“Cell proteins regulate everything that goes on in cells, and if we can find out how they control cell division, we will have a key to treating many deadly diseases,” says Krylov,  who is Canada Research Chair in Bioanalytical Chemistry at York.

To understand the mechanisms that cause these diseases, Krylov notes, scientists need to know the biological and chemical properties of individual cells. Unfortunately, traditional methods have not been adequate to allow researchers to isolate and examine individual cells.

Krylov, in collaboration with Dr. N.J. Dovichi, has addressed this shortcoming with the development of a new bioanalytical technique that can analyze the chemical content of a single cell. The technique is called chemical cytometry and involves the injection of a single cell into a tiny capillary where its components can be separated and identified using electrophoresis and laser-induced fluorescence detection. Combining this process with different types of microscopic techniques allows researchers to probe both the chemical and biological properties of a single cell.

Stem cell division may provide key

Krylov believes that stem cells – which are responsible for all the different cells in our bodies – will ultimately provide means of treating many deadly diseases. He wants to understand why stem cells divide asymmetrically (in effect, producing two new cells each with different characteristics).

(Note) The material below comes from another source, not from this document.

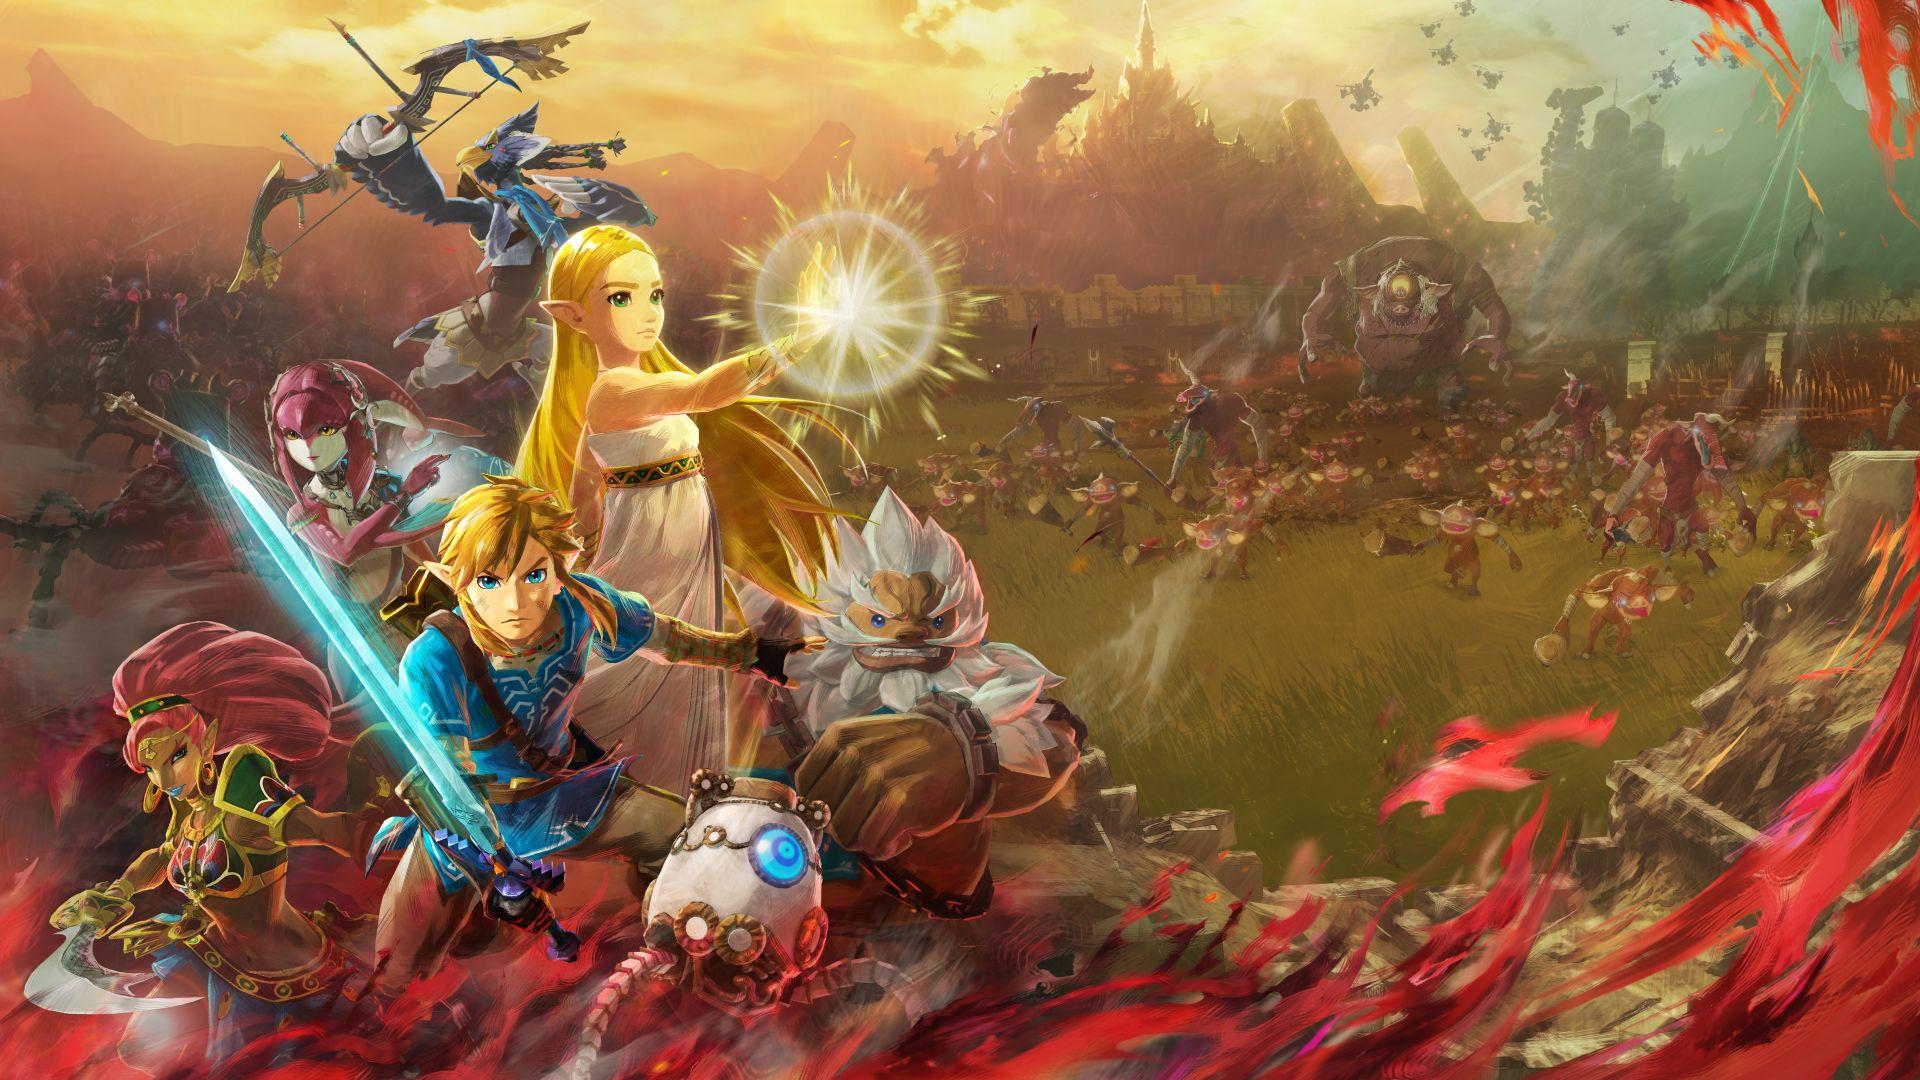 Nintendo представила релизный трейлер Hyrule Warriors: Age of Calamity

“Unlike stem cells, cancer cells divide symmetrically, creating replicas of each other and they can do so indefinitely -- causing tumours,” says Krylov and adds, “If we could intervene and make the cancer cells divide asymmetrically, the way stem cells do, we would have a new way of treating cancer.” 

Krylov is using this new research tool to study stem cells. He wants to learn how to control their division and differentiation. His work is expected to lead to techniques for tissue regeneration in damaged organs. He is also developing a new strategy for drug engineering to treat severe diseases, at the molecular level, by creating a new type of molecules called smart aptamers that bind to a target molecule and modify its activity. In addition, Krylov is creating a new research structure at York, the Institute for New Strategies In Drug Engineering (INSIDE), to guide these innovations in medical research.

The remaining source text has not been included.